More immediately, James has strategic advice for securing tickets for Ghost Stories for Christmas. “Early on is best. Most of my A Christmas Carol showings are crammed into the first week, and there are seats left for all of them,” he says.
“For reasons that remain unclear, November 30 has been a conspicuously slow seller, so I’ll be gladdened if people book for that! The second performances of both The Chimes and The Haunted Man have all but sold out (as of this moment, a single seat remains for each), but tickets can be procured for their first outings.

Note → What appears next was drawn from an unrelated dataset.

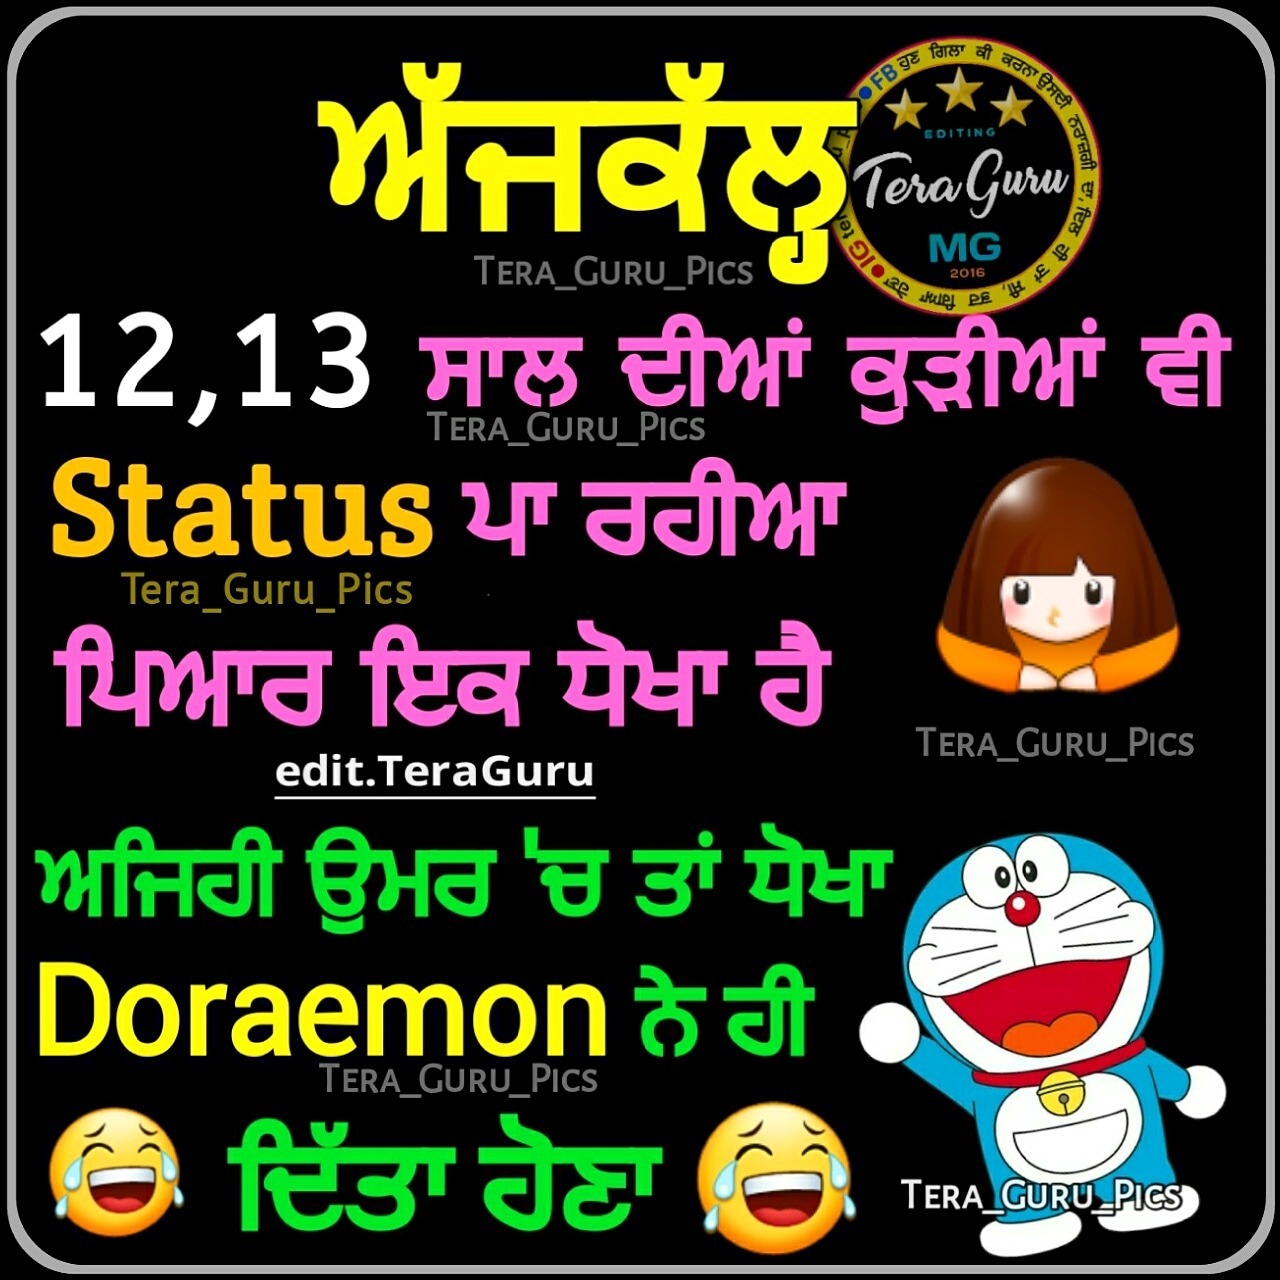 2390+ Punjabi Funny Images, Pictures, Photos - Page 16

“With tickets being only £15 each, this could be the perfect way to kick off your festive celebrations. In any case, I look forward to gathering people together for some heart-warming storytelling: traditional to the bones, but speaking to us just as powerfully as it did 180 years ago.”
What’s coming up for James in 2024? “So far, absolutely nothing!” he says. “My tendency has always been to develop pre-show rather than post-show blues, though, so I don’t find this too daunting. I’ll be glad of a slight rest, and perhaps a chance to read Victorian literature instead of act it.”
James Swanton presents Ghost Stories for Christmas at York Medical Society, Stonegate, York: A Christmas Carol, November 27, 28 and 30, then December 1, 5 and 6; The Haunted Man, November 29 and December 7; The Chimes, December 4 and 11. All performances start at 7pm and last approximately one hour. Box office: 01904 623568 or www.yorktheatreroyal.co.uk.